PayGate confirms credit breach

The company at the centre of a massive credit card security breach, that saw all four major banks up their security and re-issue thousands of new cards this week, has confirmed the breach – which actually occurred in August.

PayGate operates as an intermediary between online retailers and banks in online shopping transactions.

It has a large number of online merchants as clients, among them airlines, universities, Woolworths, iTickets and accommodation booking websites.

The Payments Association of SA (Pasa) said on Friday that “the card data emanating from these online transactions seems to have been stored in a manner which does not meet the stringent security standards expected by Pasa, the international card schemes and the banks”.

PayGate managing director Peter Harvey said yesterday that their systems were breached in August, exposing “some” credit card numbers to risk.

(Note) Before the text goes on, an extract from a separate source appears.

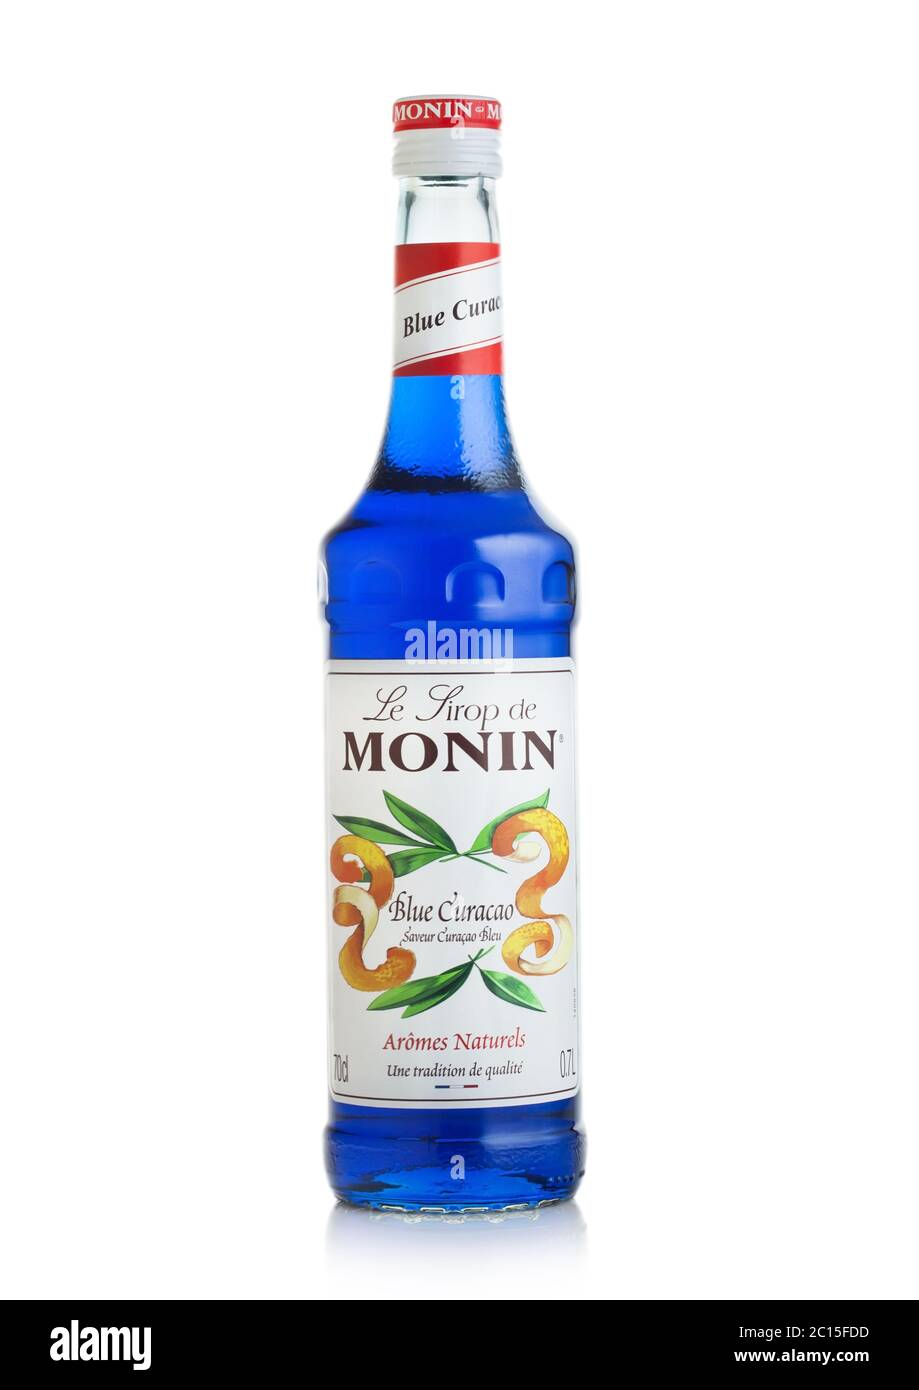 LONDRES, Royaume-Uni - 02 JUIN 2020 : bouteille de sirop de Curaçao bleu de  Monin sur fond blanc Photo Stock - Alamy

“We detected unauthorised activity on our server in August and immediately took action to secure our systems and protect our customers,” he said, adding that the company had worked closely with the card associations and international security experts to complete a “detailed forensic investigation”.

“We believe the breach was confined to August this year,” he said, and banks and card associations were monitoring all credit card activity during this period.

Cardholders would be contacted “if necessary”.

The company also said it did not store personal details like addresses and identity numbers, but did store e-mail addresses. As such, customers should beware of phishing attacks.

Absa, Standard Bank, Nedbank, First National Bank, as well as Woolworths, whose credit cardholders were also affected, moved yesterday to quell fears, saying any fraud as a result of the data leak would be covered by the banks.

All said they had implemented further security measures to minimise risk.

Johan Maree, chief executive of FNB’s credit card division, said in a statement on the bank’s website that the data theft had resulted in “the potential compromise of an isolated number of cards”.

They had added levels of security checks. He advised anyone who felt they may be at risk to change their card pin and register for the bank’s notification service, which alerts customers to any activity on their accounts.

Head of personal markets at Standard Bank, Sugendhree Reddy, confirmed that some of the bank’s customers had been affected. “All Standard Bank cards that may have been impacted have been placed under a heightened level of monitoring.”

Rene de Villiers, Nedbank’s head of card risk, said Nedbank was taking steps to ensure that PayGate became compliant with regulations. Where losses had been reported, clients had been refunded and new cards issued.

Absa’s head of card and consumer finance, James Campbell, said the bank was contacting customers to “provide information regarding the risk mitigation process”. This involved replacing affected cards and cancelling existing cards.

Woolworths said new cards would be issued to affected clients.